* [Stored data]:
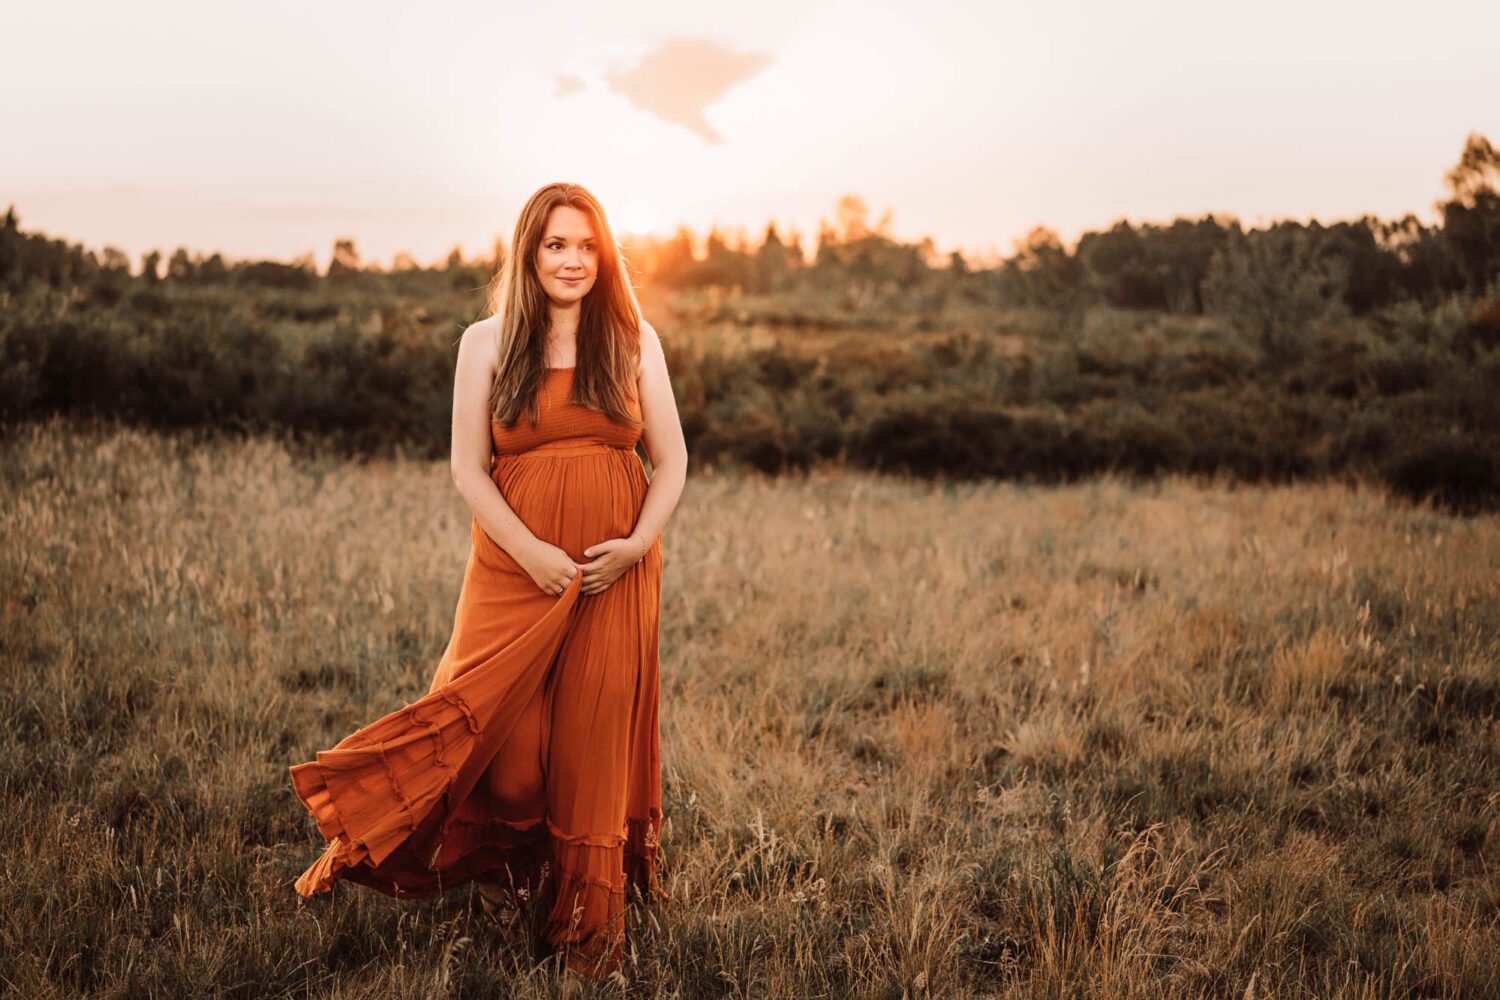 Schwangere im schönen langen Kleid strahlend und den Babybauch haltend läuft sie über eine Wiese im Abendlicht
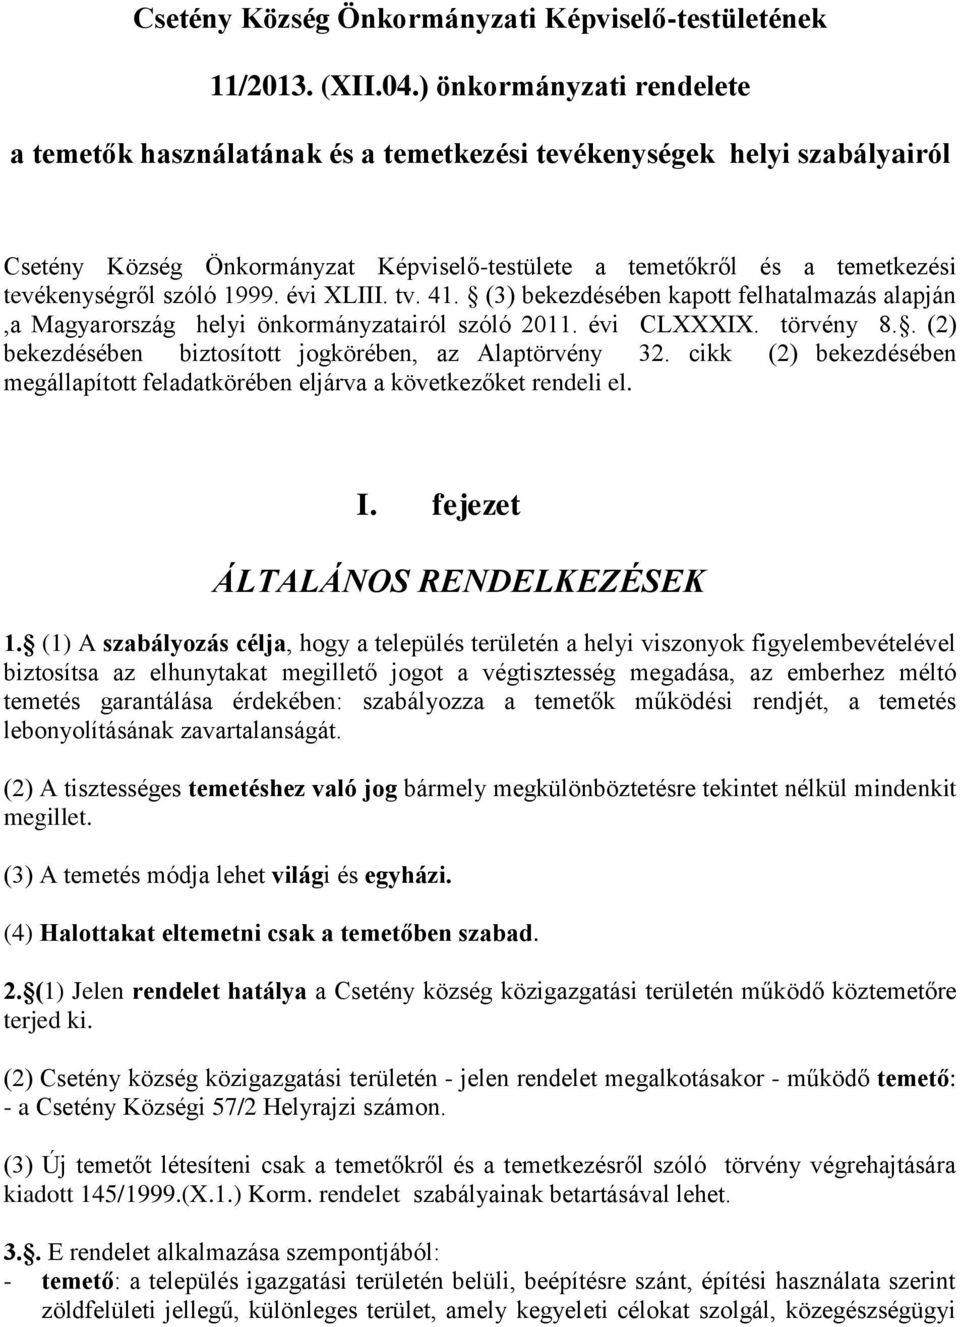 1999. évi XLIII. tv. 41. (3) bekezdésében kapott felhatalmazás alapján,a Magyarország helyi önkormányzatairól szóló 2011. évi CLXXXIX. törvény 8.
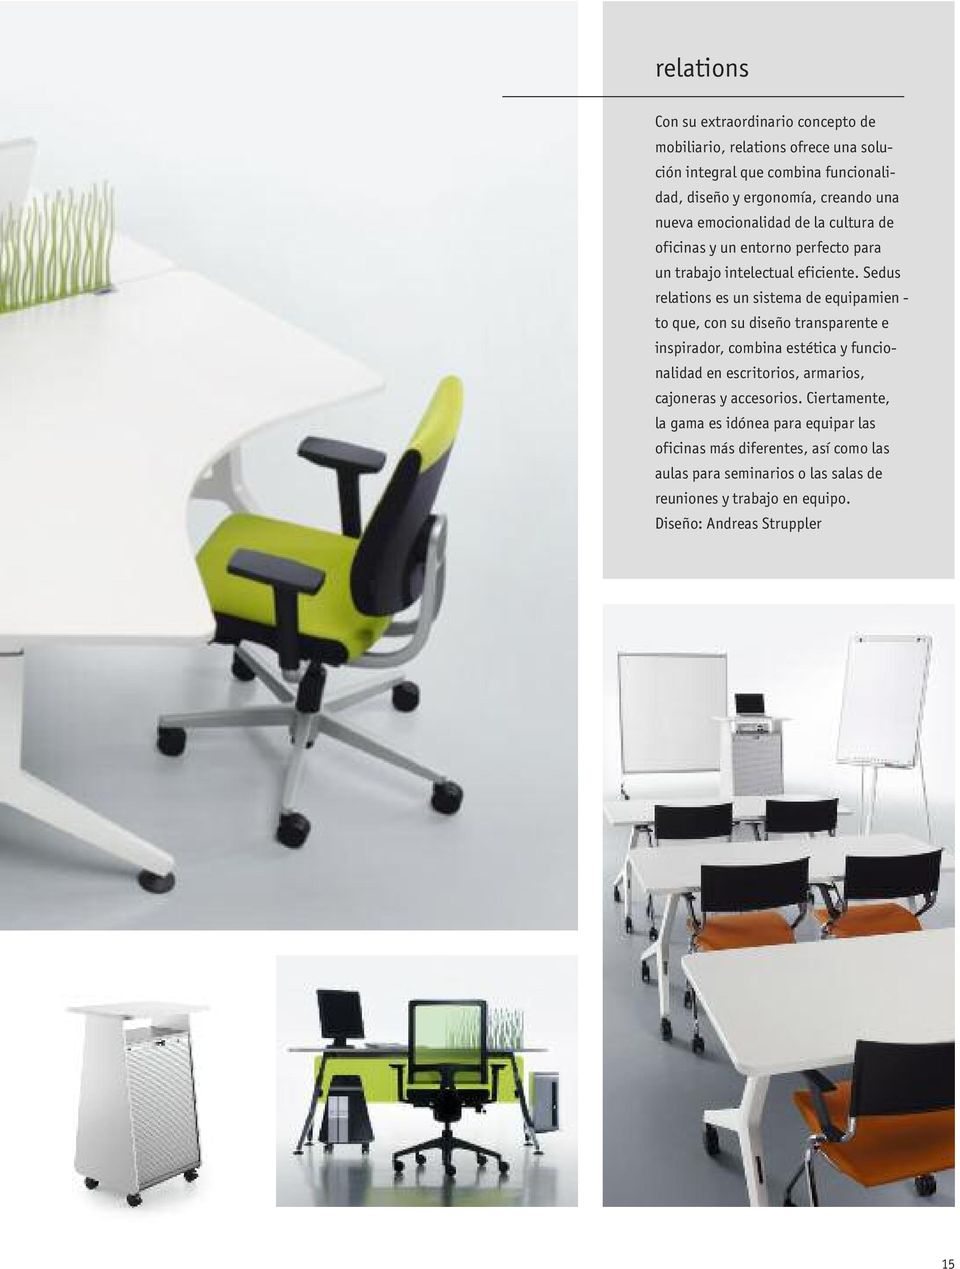 Sedus relations es un sistema de equipamien - to que, con su diseño transparente e inspirador, combina estética y funcionalidad en escritorios, armarios,
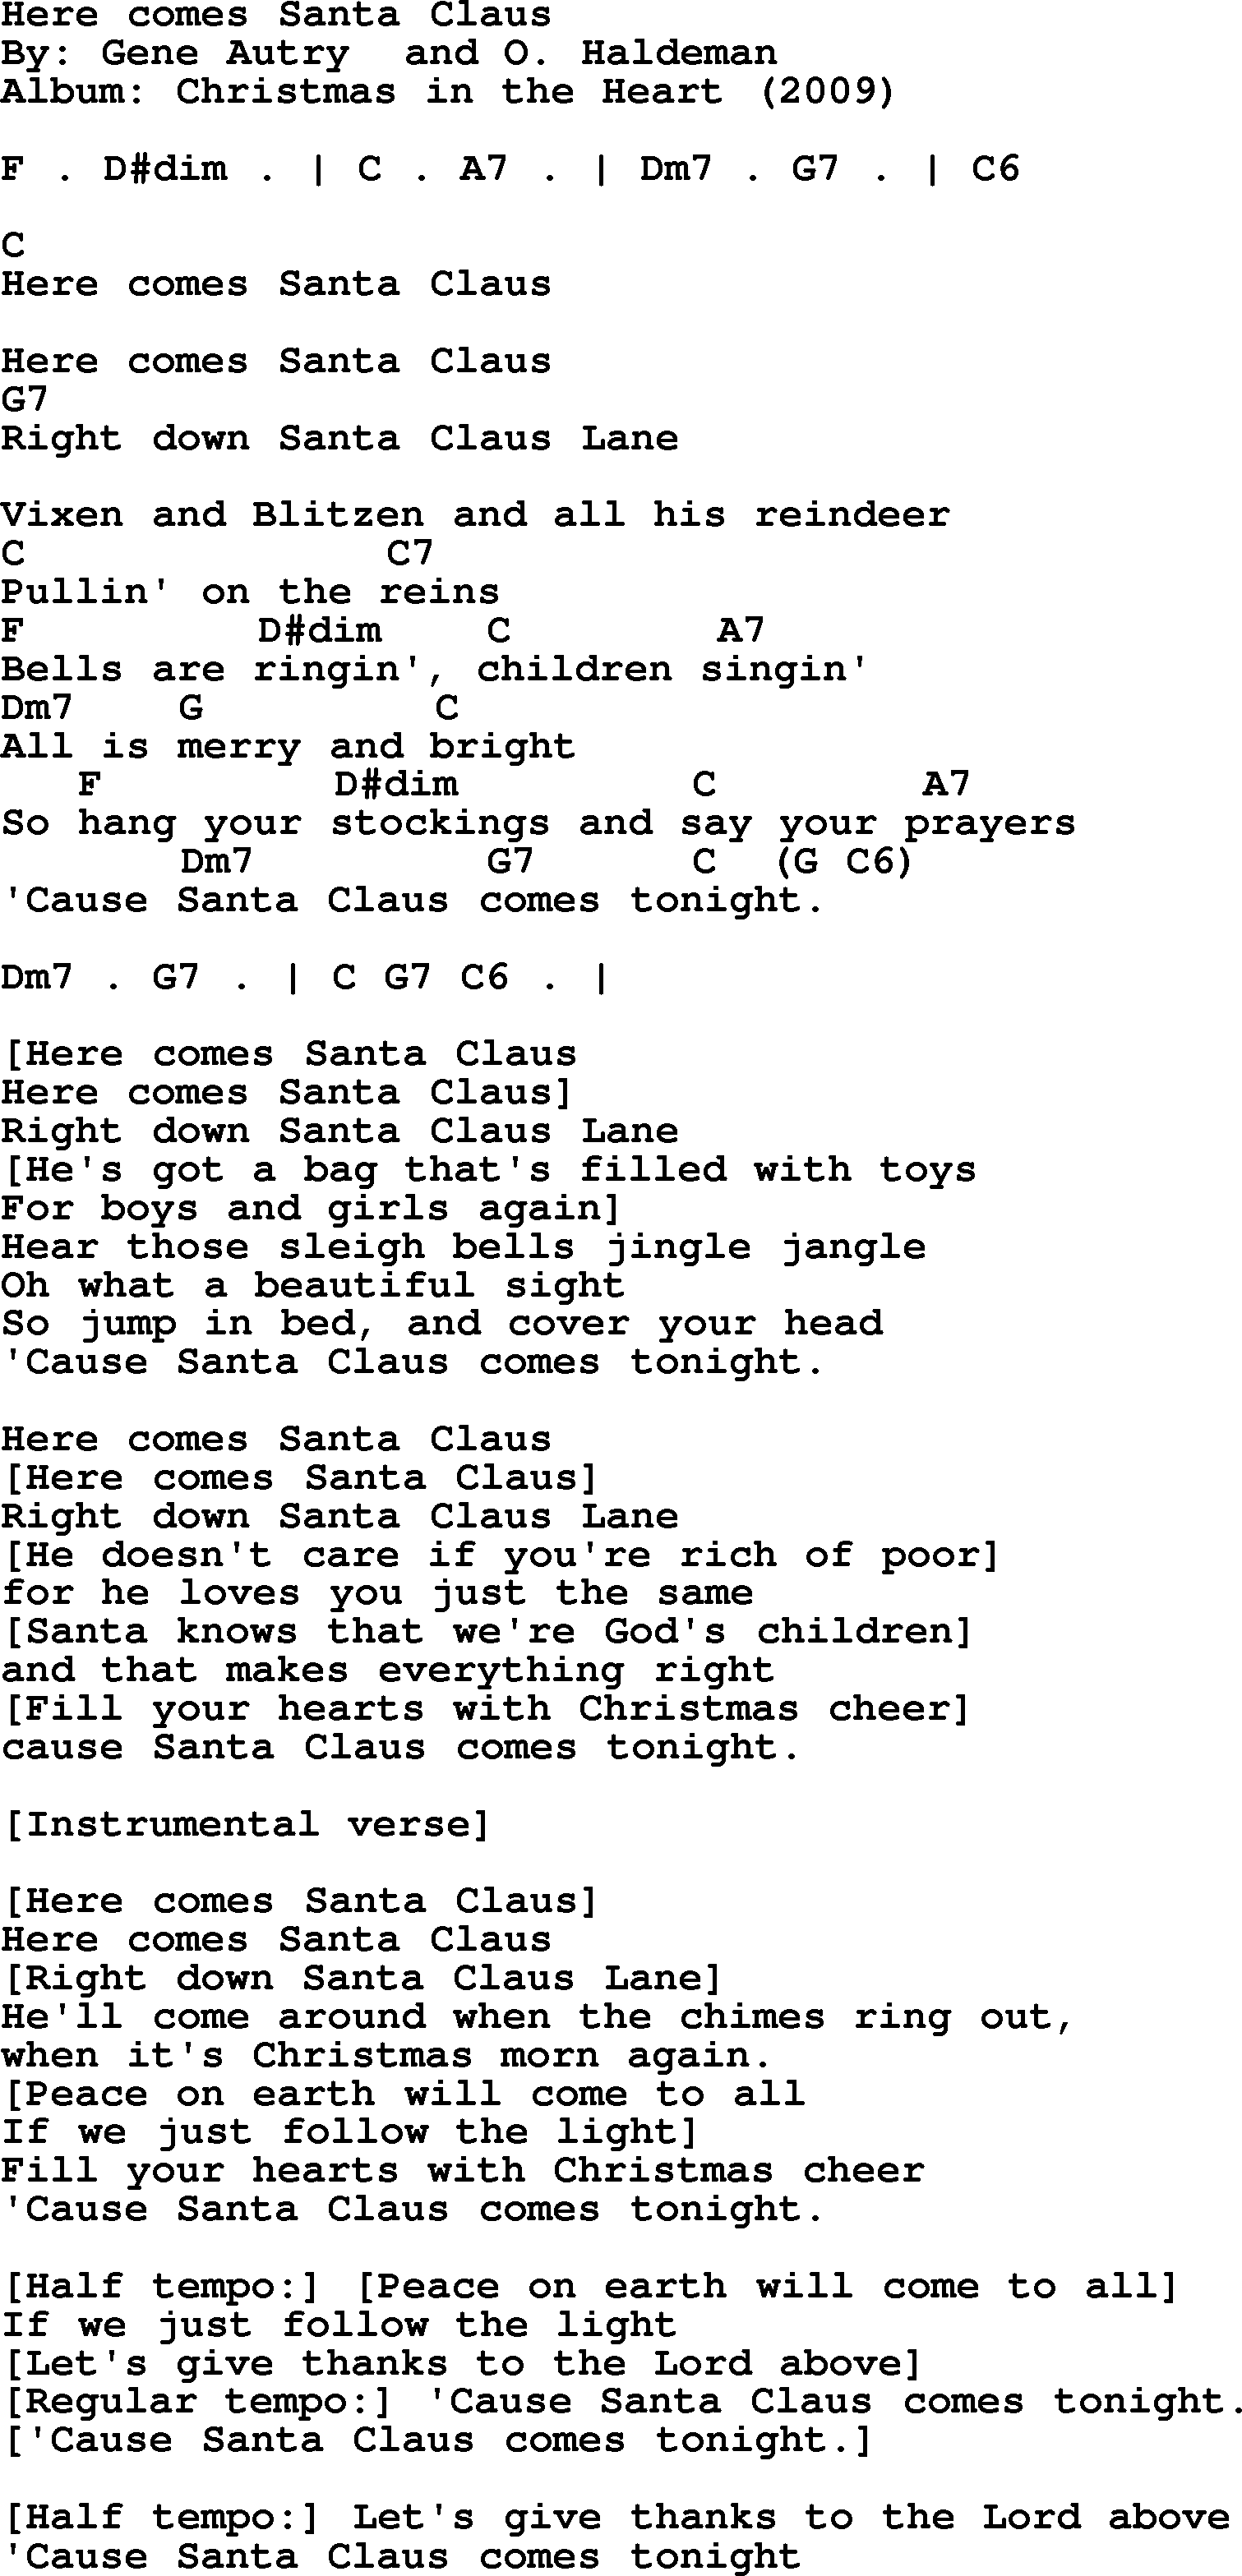 Bob Dylan song - Here comes Santa Claus, lyrics and chords

* [Problem details]:
Retype word for word all the material given above, and keep the pictures out.

* [Solution for this task]:
 Schwangere im schönen langen Kleid strahlend und den Babybauch haltend läuft sie über eine Wiese im Abendlicht
 1999. évi XLIII. tv. 41. (3) bekezdésében kapott felhatalmazás alapján,a Magyarország helyi önkormányzatairól szóló 2011. évi CLXXXIX. törvény 8.
 Sedus relations es un sistema de equipamien - to que, con su diseño transparente e inspirador, combina estética y funcionalidad en escritorios, armarios,
 Bob Dylan song - Here comes Santa Claus, lyrics and chords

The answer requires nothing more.